Advisory Board Member

Professor Bob Smith’s work as a conservation scientist has mainly focused on identifying priority areas for conservation and designing protected area networks. Much of this work has involved leading long-running projects in Southern Africa and the UK, but Bob has worked on projects in 22 countries in Africa, Asia, Europe and South America. Hiss research also encompasses a broad range of conservation topics, including understanding spatial patterns of deforestation and human-wildlife conflict. In particular, Bob has published seminal work on the influence of corruption in conservation and the role of marketing in conservation. Bob is also an Honorary Senior Fellow at the United Nations Environment Programme – World Conservation Monitoring Centre, the Founder of the Izele online conservation social network, on the Editorial Board of the journal Oryx and a member of the IUCN’s World Commission on Protected Areas.
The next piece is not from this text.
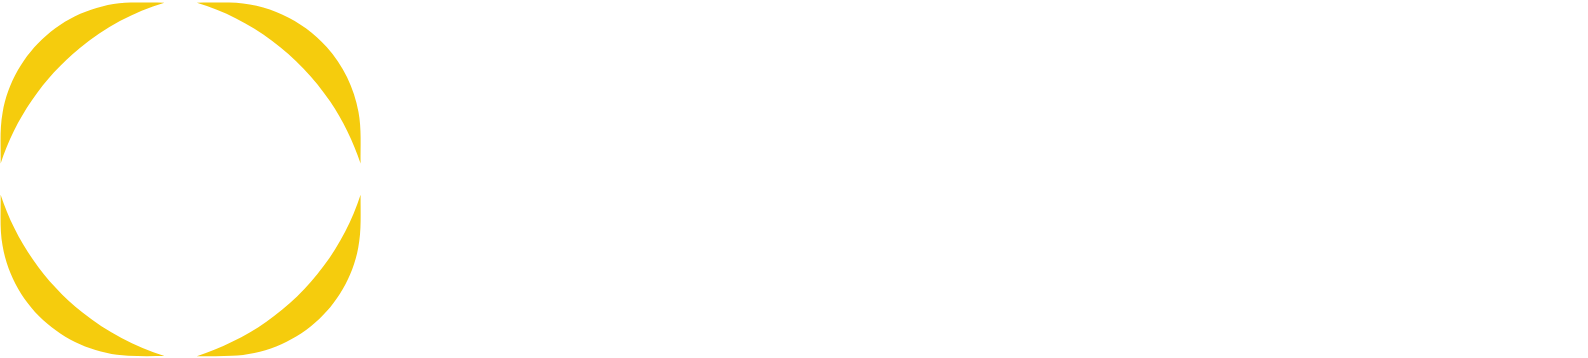 Privia Health Group logo large for dark backgrounds (transparent PNG)
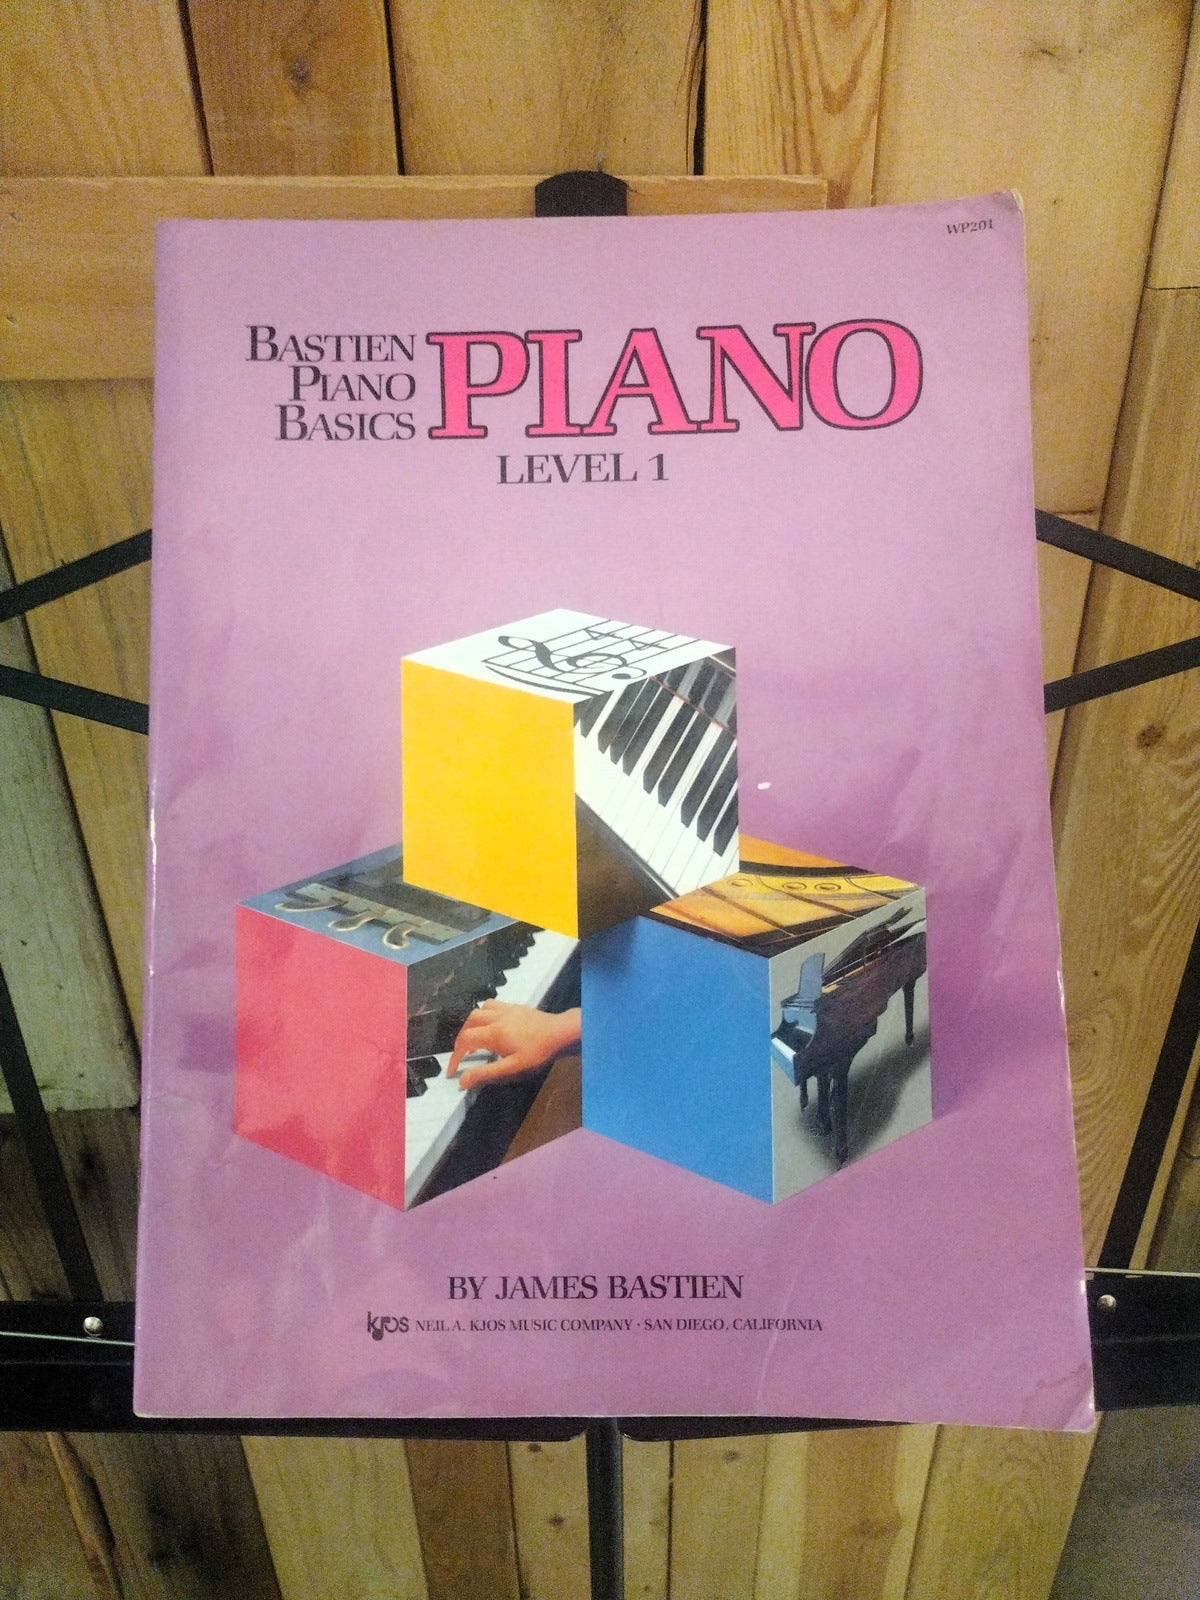 Bastien Piano Basics Book Level 1 - Used

Bob is a member of the Durrell Institute of Conservation and Ecology (DICE).

Lourdes Vera

Advisory Board Member

Lourdes Vera is an Assistant Professor in the Department of Sociology and Department of Environment and Sustainability at UB. As an environmental sociologist and civic scientist, she works with communities living near oil and gas development to monitor their air for contaminants. She also serves on the coordinating committee of the Environmental Data and Governance Initiative, envisioning and building digital tools and research infrastructures for environmental data justice. Her interdisciplinary work spans environmental science, social science, and critical theory with articles appearing in Atmospheric EnvironmentEngaging Science, Technology, and Society, and Mobilization.